◆ **Collected data**:
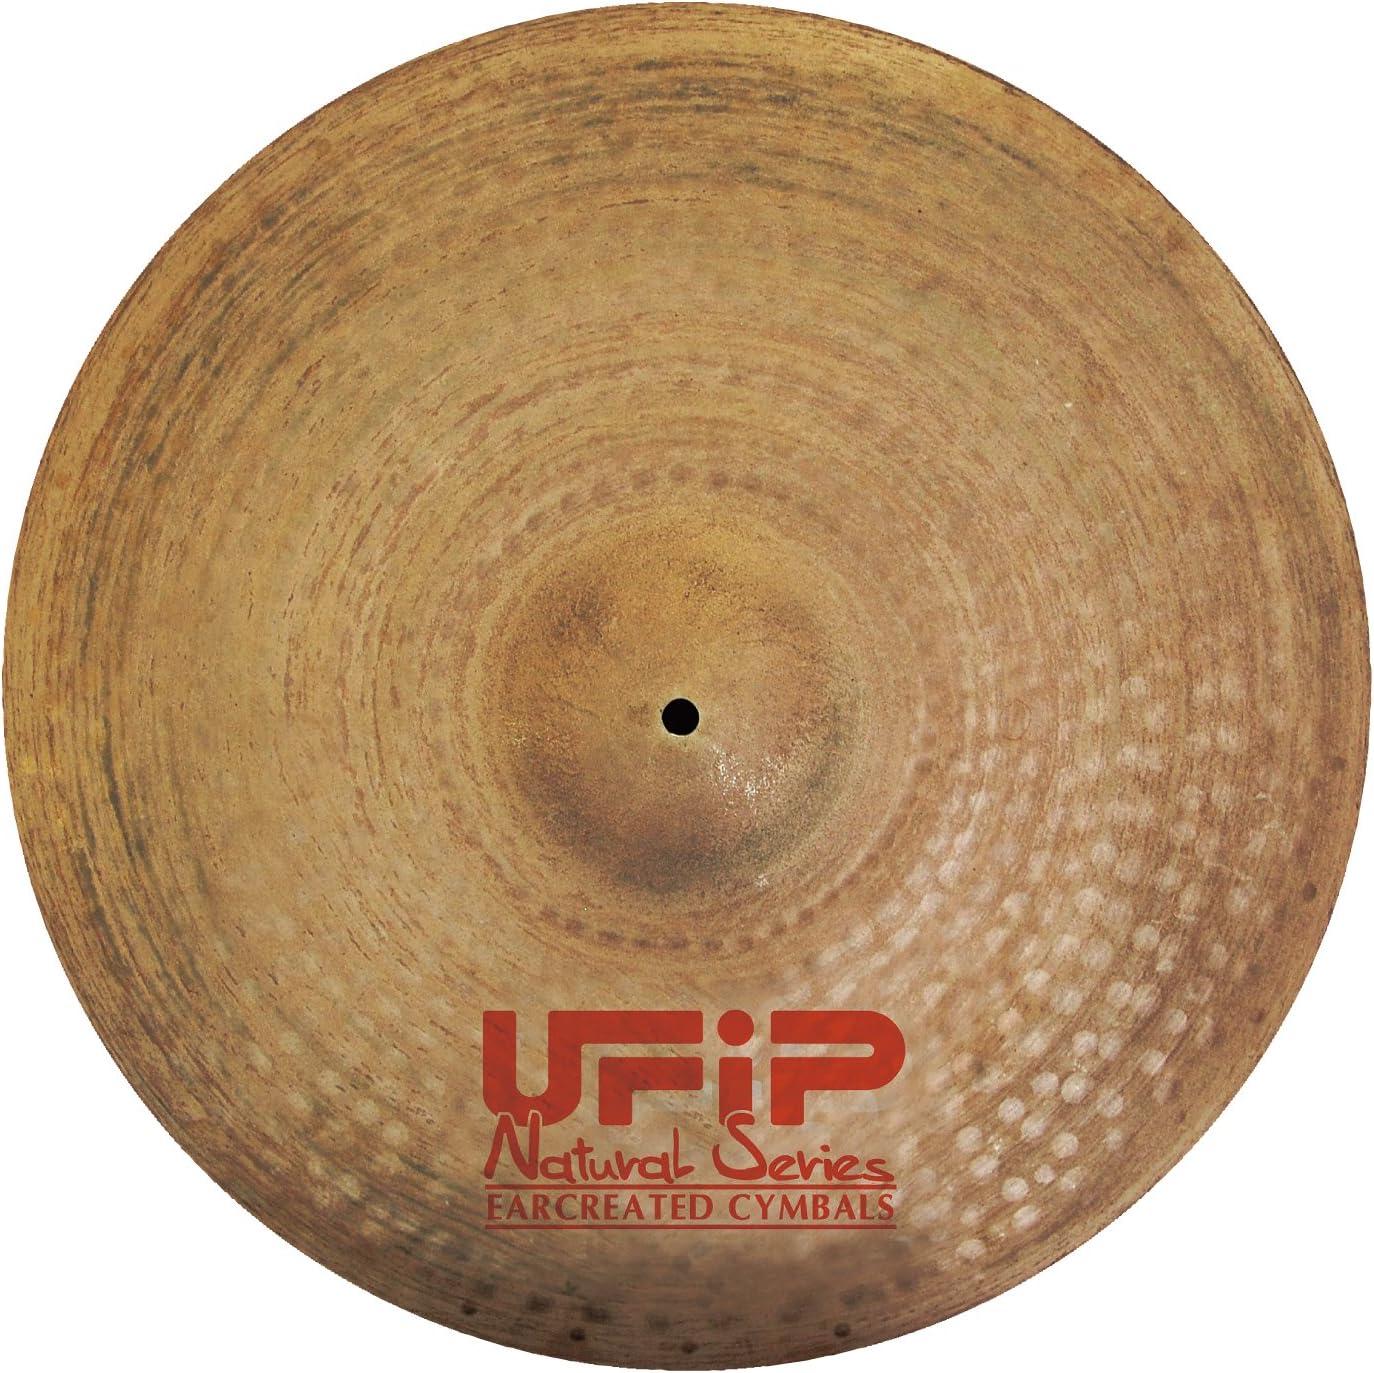 UFiP NATURAL シリーズ クラッシュ ライドシンバル 22インチ NS-22CR
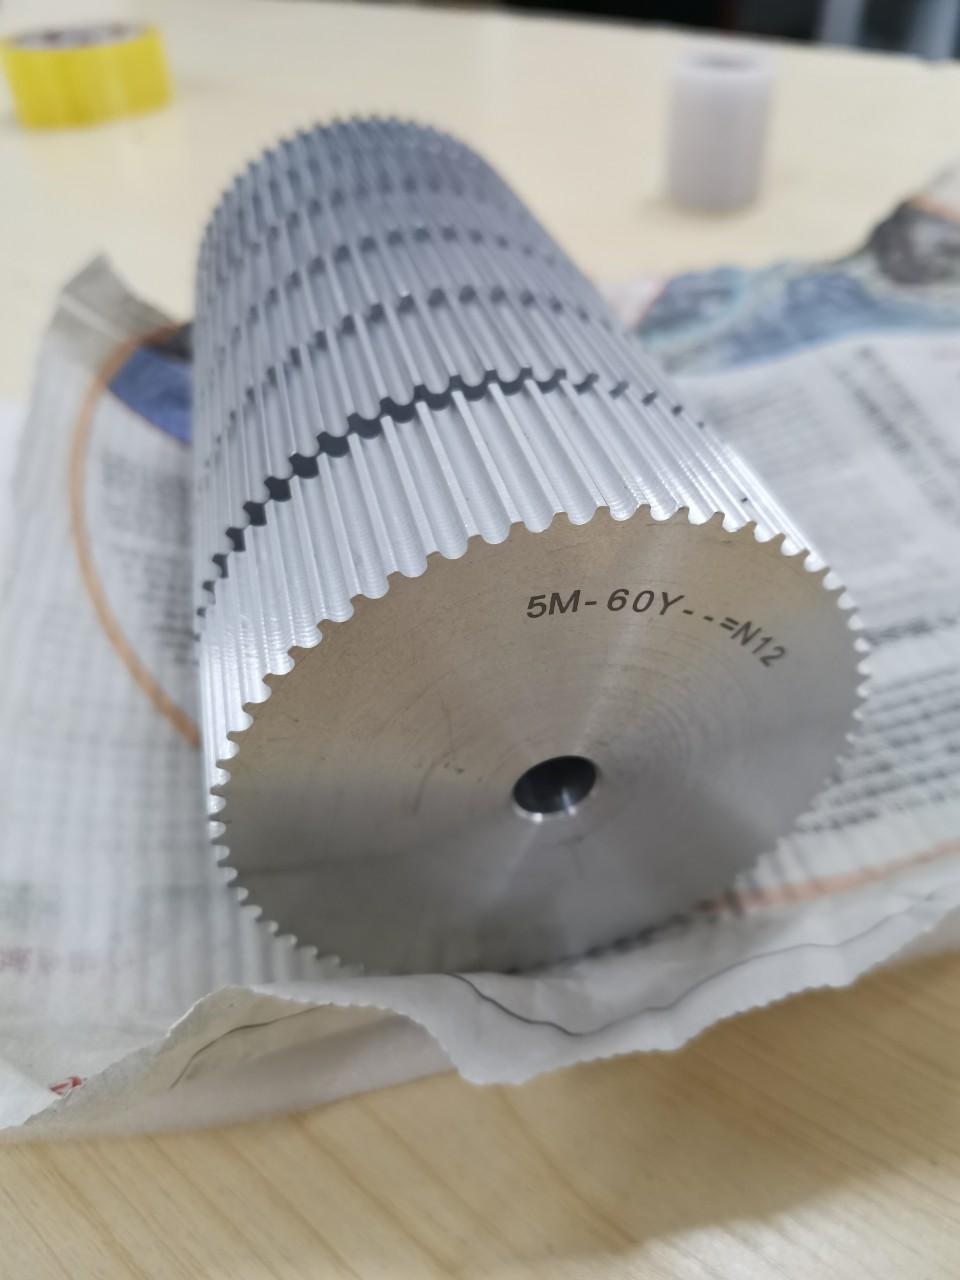 Bánh răng pulley nhôm nhập khẩu theo yêu cầu bản thiết kế
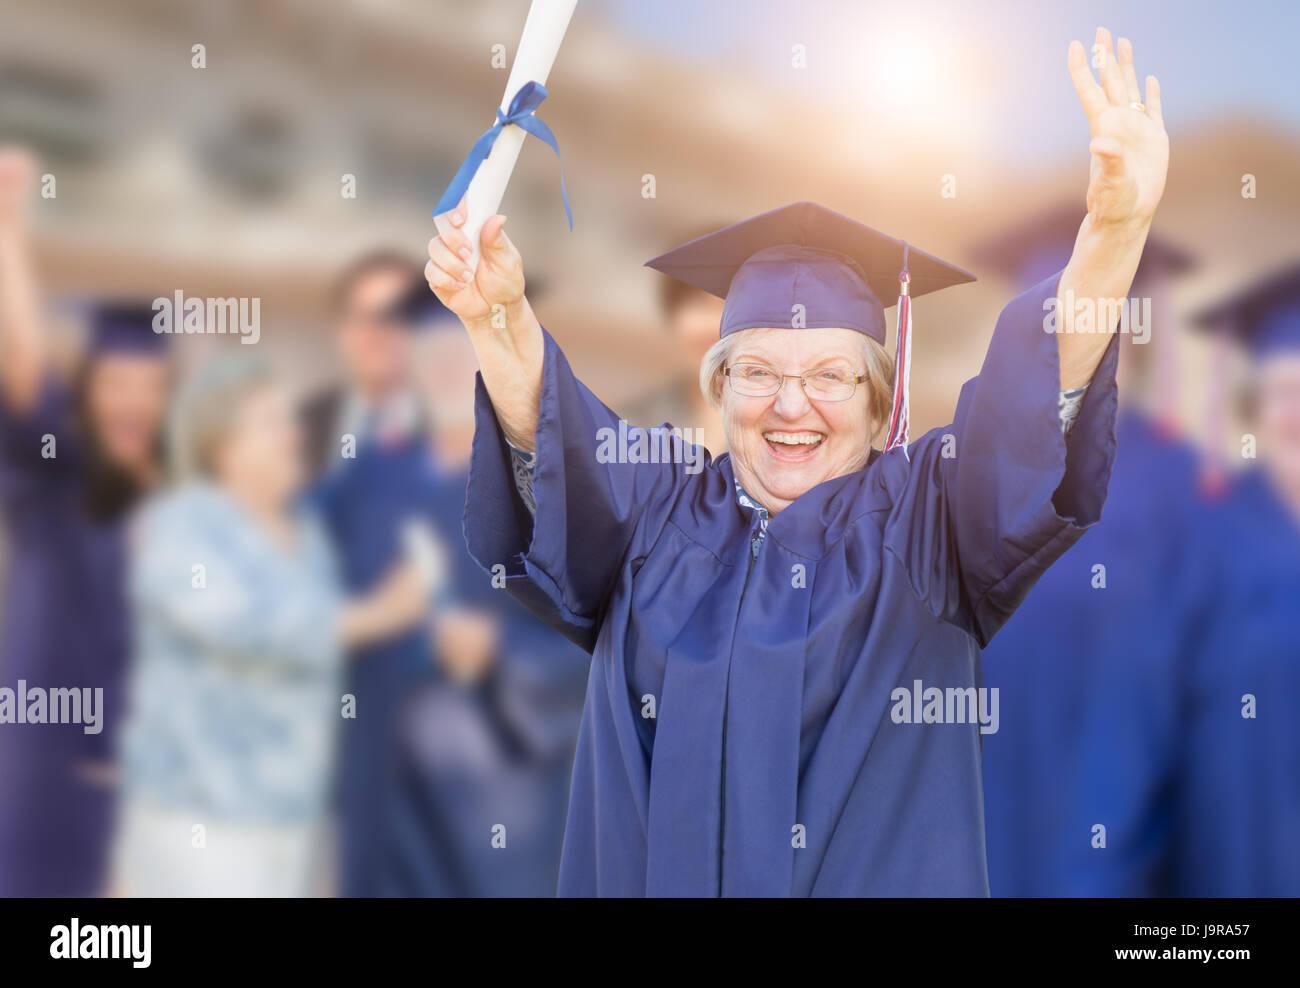 Felice Senior donna adulta nel cappuccio e abito a Outdoor cerimonia di  laurea. fed3cd9f22d1
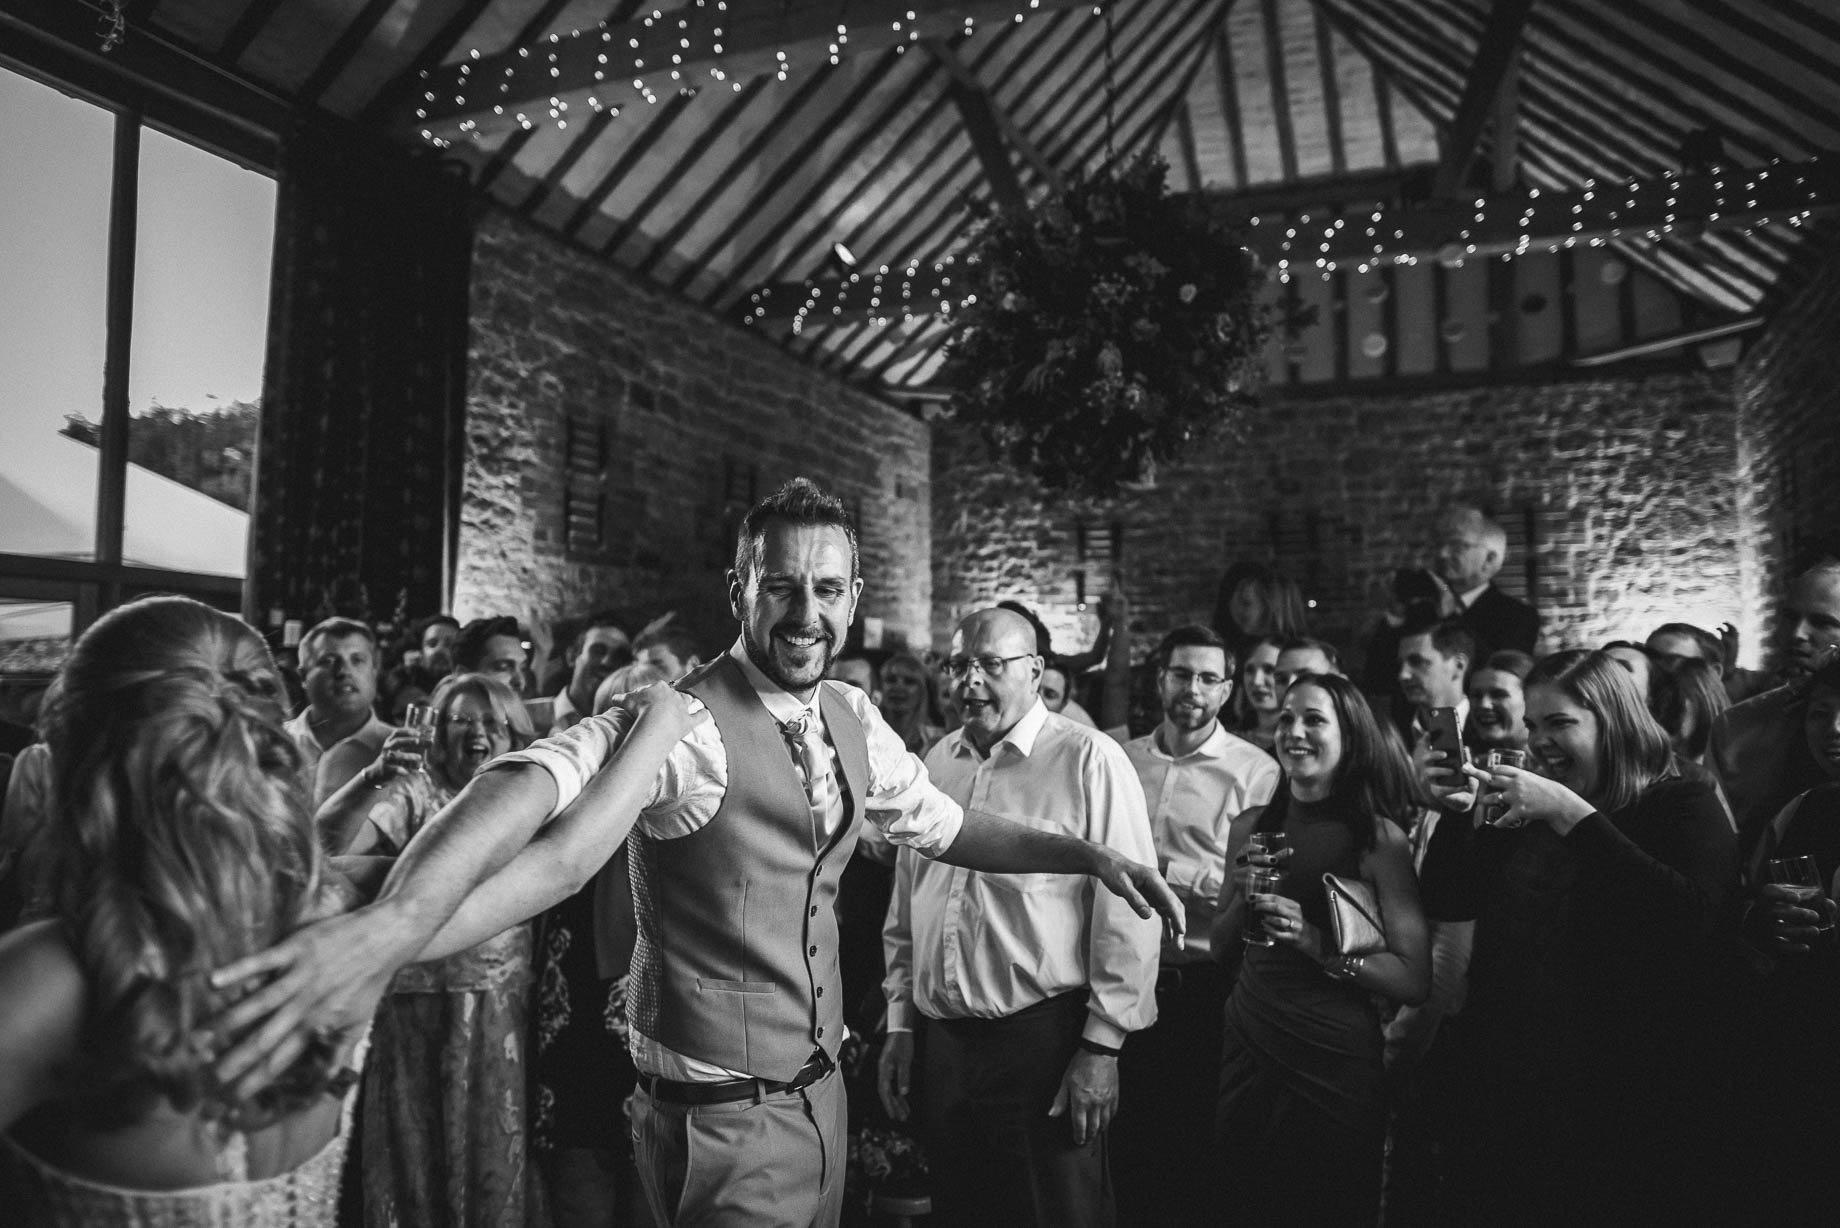 Bartholomew Barns wedding photography - Louise and Spencer (147 of 151)

◆ **Problem statement**:
Every line from the one with "Felice Senior donna" through the last line of the data must be copied exactly. Leave the pictures out.

◆ **Reply to the task**:
 Felice Senior donna adulta nel cappuccio e abito a Outdoor cerimonia di  laurea. fed3cd9f22d1
 Bartholomew Barns wedding photography - Louise and Spencer (147 of 151)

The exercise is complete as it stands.